One of the best ways to work organic matter into the soil under your lawn grass is to let earthworms do the job for you. Yardeners often ignore earthworms. Yet earthworms can be significant partners in managing the soil under your lawn.
Believe it or not, the favorite food of the earthworm is dried leaves and other organic materials, the very material that many yardeners rake up and discard each fall. We recommend using a mulching lawn mower to mulch dried leaves right down amongst the base of all the grass plants in the lawn. Leave between ¼ of an inch to ½ an inch of these finely chopped leaves. The worms drag dried leaves, tip first, into their burrows and then break them down into plant fertilizer. If you have a healthy population of earthworms in your lawn, that ½ inch of organic matter laid over the surface with the mulching lawn mower in the fall will be gone by spring without your having to do anything but simply mow your lawn as you must anyway.
Earthworms and Trees & Shrubs
One of the reasons virtually all of the files on trees and shrubs in Yardener’s Helper recommends having a layer of organic mulch under all trees and shrubs is to feed the earthworms and help keep their population high.

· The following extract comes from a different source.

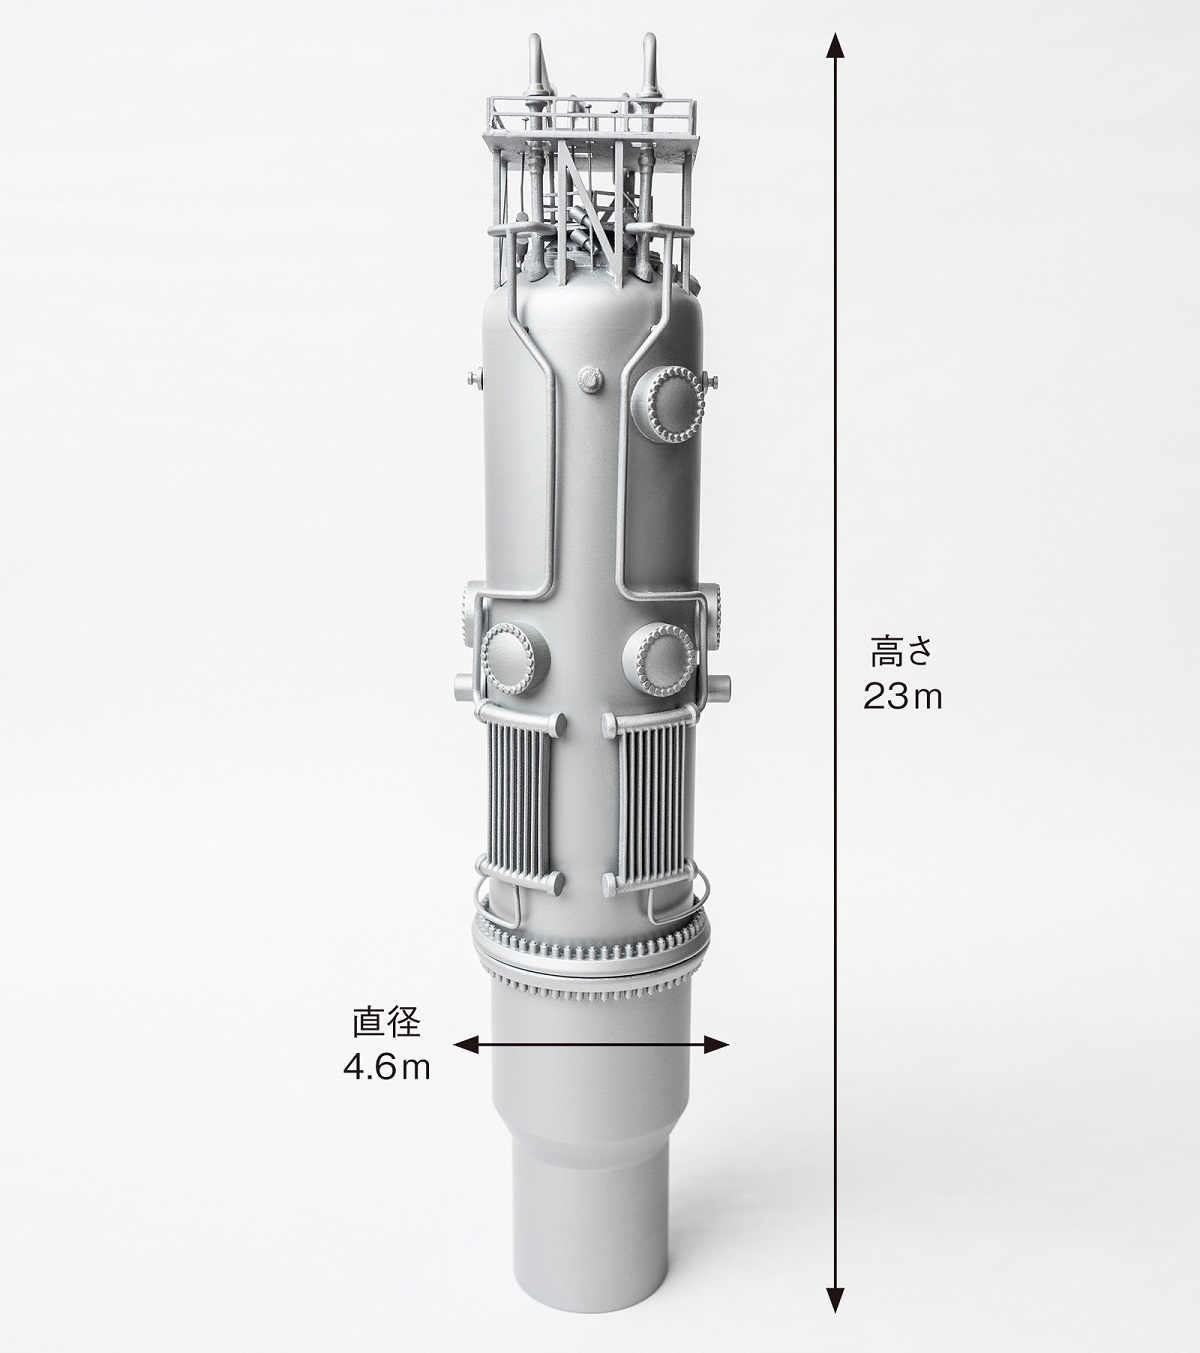 自然循環で冷却 小型でシンプルな米nuscale Powerの原子炉 日経クロステック Xtech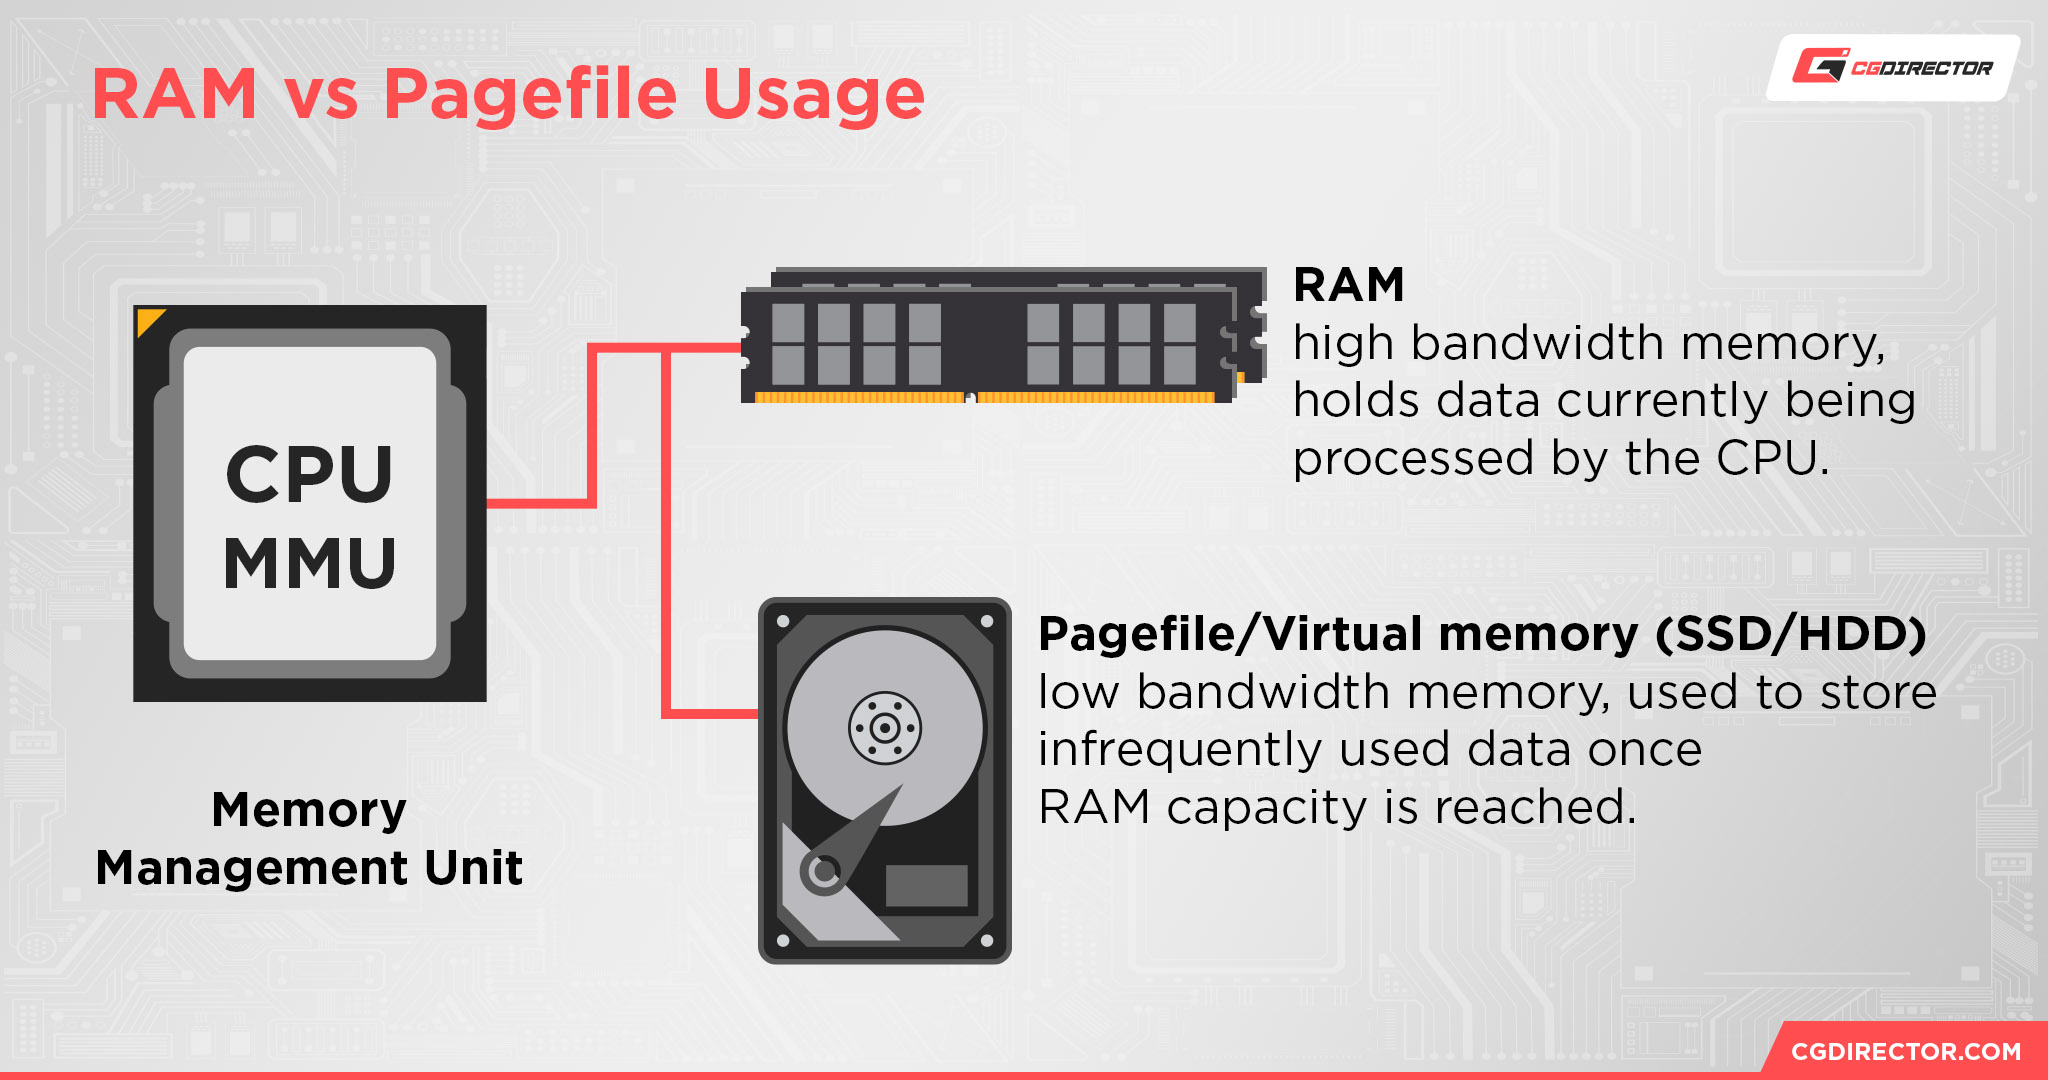 RAM vs Pagefile virtual memory usage

Often when you have laid a layer of 4 inches of chopped leaves as a mulch under some shrubs, it seems to disappear in a matter of months. Most yardeners think it has decomposed. In part that is true, but the major portion of that mulch is pulled down into the soil by earthworms, millipeds, centipedes, sowbugs, earwigs, and other critters found in a healthy soil. By keeping that organic mulch at a level of 3 to 4 inches all year long, you insure a healthy soil and consequently more stress free plants. Plants with less stress don’t suffer attack from insects and disease which means you have a beautiful low management landscape in large part because you have happy earthworms.